627 mg of 3,4-dihydroxycyclobutene-1,2-dione and 3.00 g of 3,4-difluoro-2′-methyldiphenylamine were added to a mixed solvent of 0.5 ml of butanol and 0.5 ml of toluene, Reacted for hours. Thereafter, the precipitate was recrystallized from methanol to obtain Compound 45 (1.91 g, yellow solid).
¹ H-NMR, 400 MHz, δ (CDCl ₃ ) ppm: 2.17 (6H, s), 7.00-7.33 (14H, m).
Absorption maximum wavelength (CHCl ₃ ): 404.0 nm
Molar extinction coefficient (CHCl ₃ ): 39300 (mol / l) ⁻¹ · cm ⁻¹

(Production of Compound 46)
The starting material N- (4,4,4-trifluorobutyl) aniline was synthesized by the following procedure. 1.96 g of aniline, 5.00 g of 1,1,1-trifluoro-4-iodobutane and 3.19 g of potassium carbonate were added to 20 ml of N, N-dimethylformamide, reacted at 90 ° C. for 1 hour, and then released to room temperature. Chilled. The organic layer is extracted with ethyl acetate, washed with water, dried over magnesium sulfate, the solvent is distilled off, and the residue is isolated and purified by silica gel column chromatography (eluent ethyl acetate / n-hexane = 1/9). Gave N- (4,4,4-trifluorobutyl) aniline (1.74 g, clear liquid).
336 mg of 3,4-dihydroxycyclobutene-1,2-dione and 1.50 g of N- (4,4,4-trifluorobutyl) aniline were added to a mixed solvent of 0.3 ml of butanol and 0.3 ml of toluene, and 130 The reaction was carried out at 6 ° C. for 6 hours. Thereafter, the precipitated yellow solid was collected by filtration to obtain Compound 46 (1.17 g).
¹ H-NMR, 400 MHz, δ (CDCl ₃ ) ppm: 1.87-1.89 (4H, m), 2.12-2.16 (4H, m), 4.36-4.42 (4H, m), 7.22-7.49 (10H, m).

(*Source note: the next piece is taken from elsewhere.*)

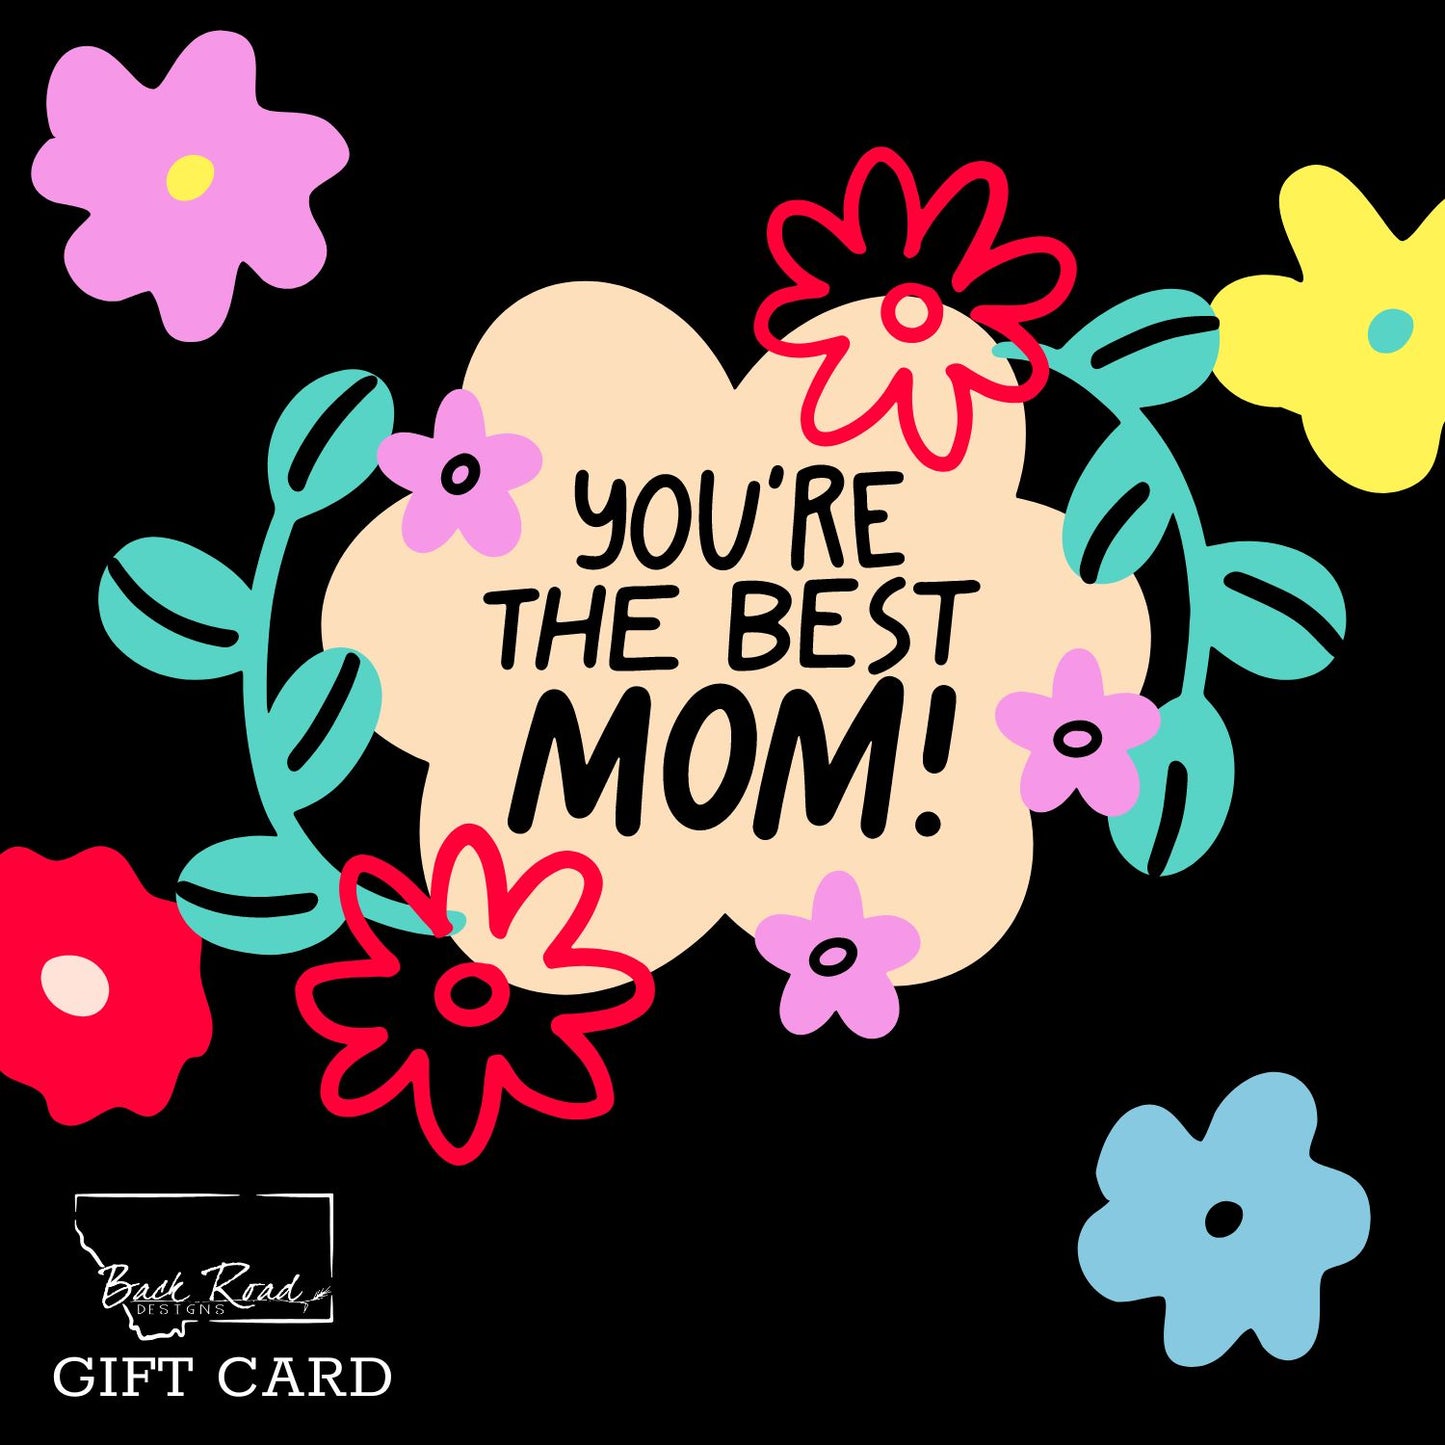 BACK ROAD DESIGNS 'BEST MOM' GIFT CARD

Absorption maximum wavelength (CHCl ₃ ): 369.0 nm
Molar extinction coefficient (CHCl ₃ ): 32800 (mol / l) ⁻¹ · cm ⁻¹

(Production of Compound 47)
The raw material 3- [N- (4,4,4-trifluorobutyl) amino] benzonitrile was synthesized by the following procedure. After adding 5.00 g of m-aminobenzonitrile, 10.07 g of 1,1,1-trifluoro-4-iodobutane and 6.43 g of potassium carbonate to 20 ml of N, N-dimethylformamide and reacting at 60 ° C. for 9 hours. And allowed to cool to room temperature. The organic layer was extracted with ethyl acetate, washed with water, dried over magnesium sulfate, the solvent was distilled off, and the residue was isolated by silica gel column chromatography (eluent: ethyl acetate / n-hexane = 1.5 / 8.5). By purification, 3- [N- (4,4,4-trifluorobutyl) amino] benzonitrile (6.34 g, transparent liquid) was obtained.

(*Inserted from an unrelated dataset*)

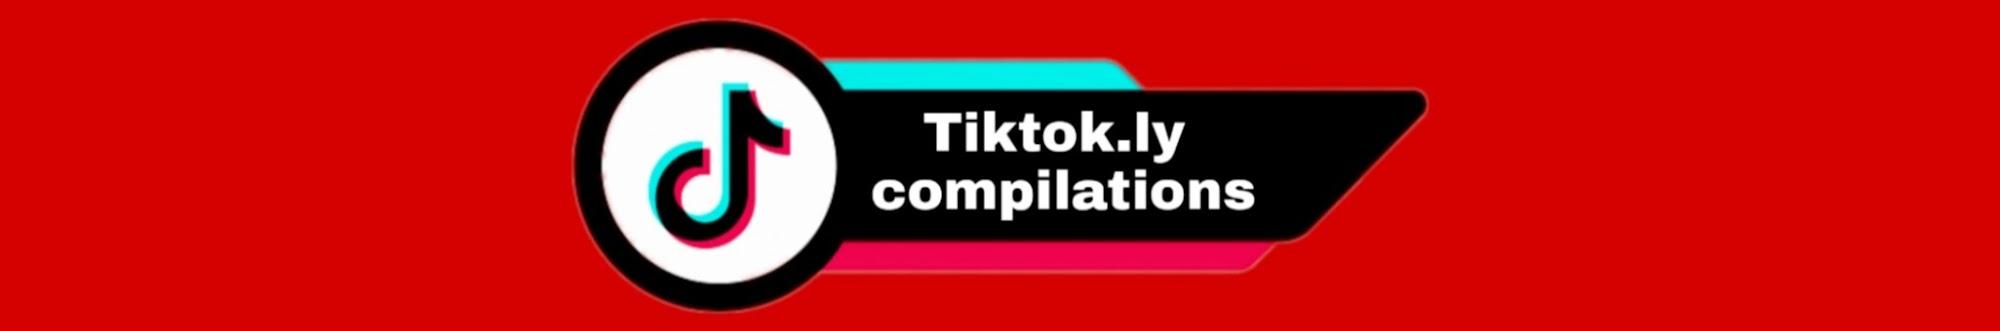 Tiktokly Compilations

593 mg of 3,4-dihydroxycyclobutene-1,2-dione and 3.00 g of 3- [N- (4,4,4-trifluorobutyl) amino] benzonitrile were mixed with 0.5 ml of butanol and 0.5 ml of toluene. In addition to the mixed solvent, the mixture was reacted at 130 ° C. for 18 hours. Thereafter, the precipitate was recrystallized from methanol to obtain Compound 47 (2.29 g, yellow solid).
¹ H-NMR, 400 MHz, δ (CDCl ₃ ) ppm: 1.90-1.94 (4H, m), 2.19 (4H, m), 4.40-4.42 (4H, m), 7 .50-7.66 (8H, m).

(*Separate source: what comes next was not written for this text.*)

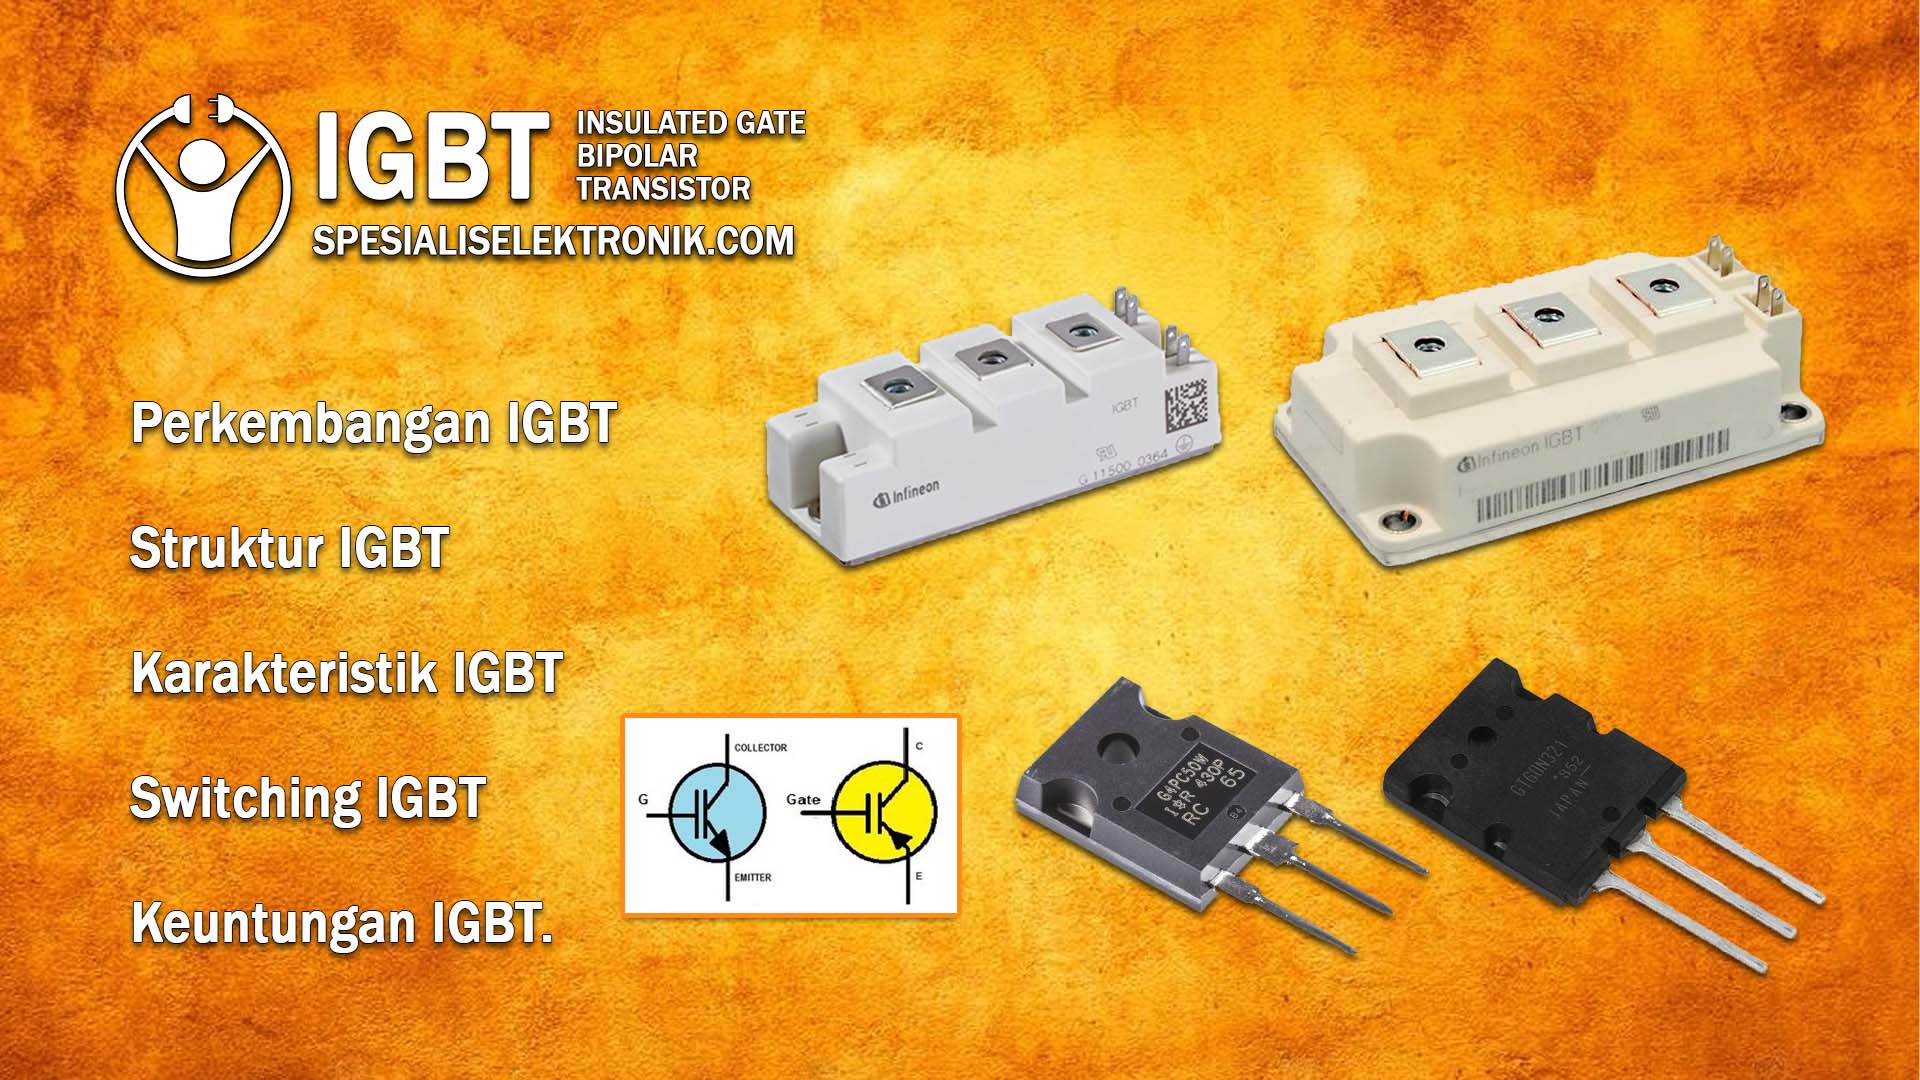 Pengertian Insulated Gate Bipolar Transistor (IGBT)

Absorption maximum wavelength (CHCl ₃ ): 379.0 nm
Molar extinction coefficient (CHCl ₃ ): 39000 (mol / l) ⁻¹ · cm ⁻¹
Reference Example 23

(Production of Compound 48)
The raw material N-isopropyl-N ′, N′-dimethyl-1,4-benzenediamine was synthesized by the following procedure. N, N-dimethyl-1,4-benzenediamine (5.00 g), isopropyl iodide (6.13 g) and potassium carbonate (5.58 g) were added to N, N-dimethylformamide (20 ml) and reacted at 60 ° C. for 7 hours. It was left to cool. The organic layer is extracted with ethyl acetate, washed with water, dried over magnesium sulfate, the solvent is distilled off, and the residue is isolated and purified by silica gel column chromatography (eluent: ethyl acetate / n-hexane = 3/7). Gave N-isopropyl-N ′, N′-dimethyl-1,4-benzenediamine (4.38 g, brown liquid).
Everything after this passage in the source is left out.